Hello sir. I am so taken to find this comment. I hope to use your words in a project I'm making very soon. I hope that it finds it's way to you. Thank you.
I saw James Blake doing a sort of DJ set in Vancouver, BC about a year and a half ago in the downstairs venue of one of the more popular clubs in the city. I was in recording school; broke and fairly antisocial, as I still sort of am. I remember not really wanting to go and my friends reaming me out as they usually do (bless them) but that night in particular I caved and went out. I remember the group of DJ's burning all these wild smelling incense all night and spinning nothing but songs I hadn't heard. He came on and it was really impressive; both the vinyls he spun and the way he transitioned into each track. Just a really cool experience. I have been hooked on his work ever since. I was walking home from work today and passed a house with an open window. They were burning that very same scent inside and I could smell it from walking by. Immediately took me back to that night and how I felt at that time, as they say memory is most harshly affected by the sense of smell. Hadn't smelled it since. May never smell it again. No joke, a few SECONDS later a friend texted me out of the blue and told me to watch this video. James Blake you have somehow touched my soul.
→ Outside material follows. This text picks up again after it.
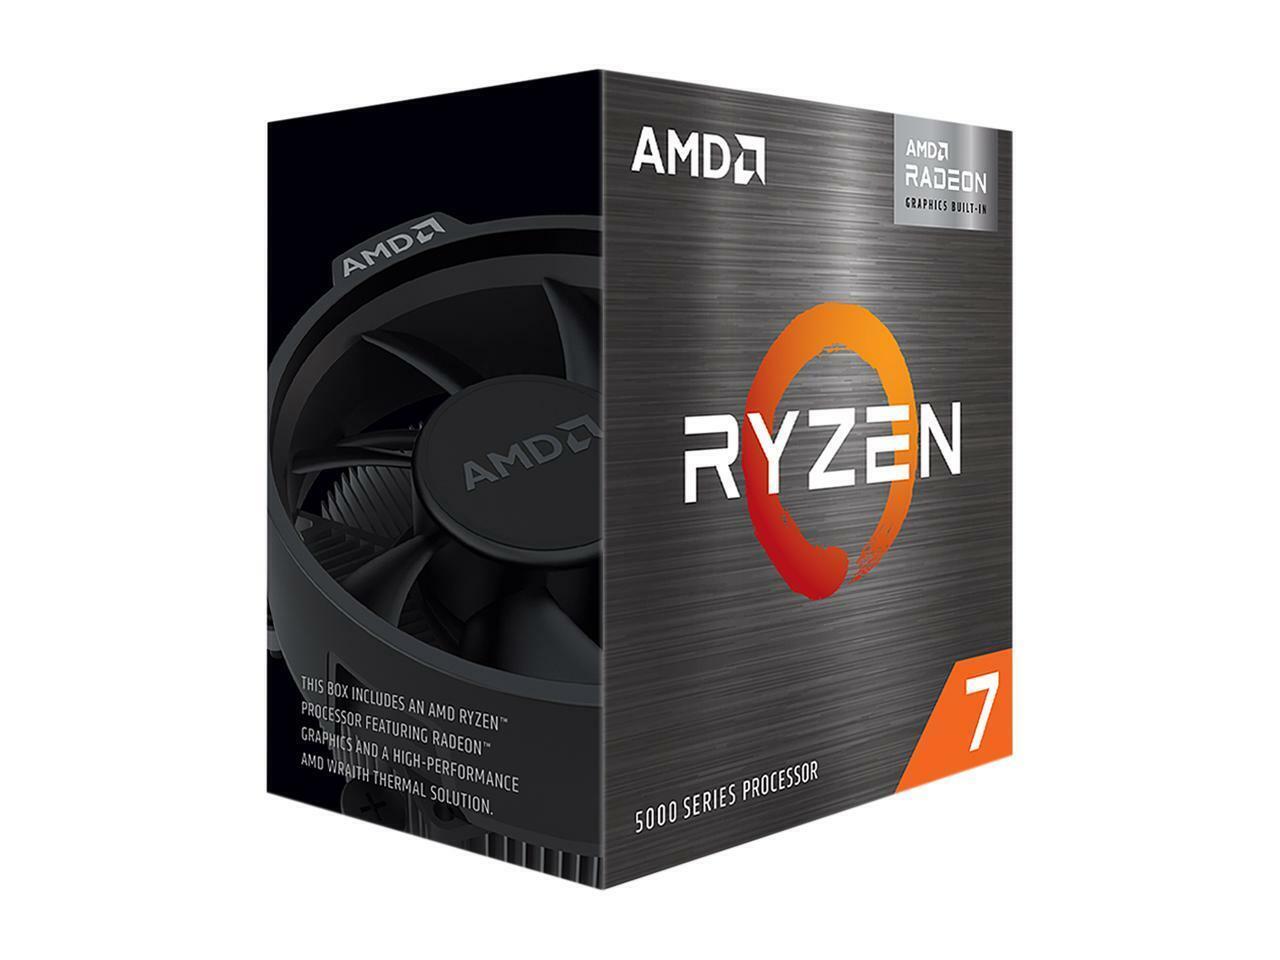 AMD Ryzen 7 5700G 8-Core Desktop Processor with Radeon Vega 8 Graphics, 16-Thread Unlocked for Overclocking, AM4 Socket, 65W TDP - 7nm FinFET Technology - Wraith Stealth Thermal Solution - Windows 10 Compatible

Yesterday, listening to this song I took a risk and send a girl I wanted to date for a long time a message. She hasn’t responded yet. I could conclude that I took a dumb risk and it will end in loneliness. But, I am happy. I took the risk. I could avoid taking the shot, and I would have always asked my self, what if. I’m happy with whatever happens. Moral of the story: Don’t miss it. Take the fucking shot. Life is better with taking risks.
I was so tired. I wanted to avoid everything so bad. And then this came up and I cried and I wondered, why do you always bring up new things when I need it the most?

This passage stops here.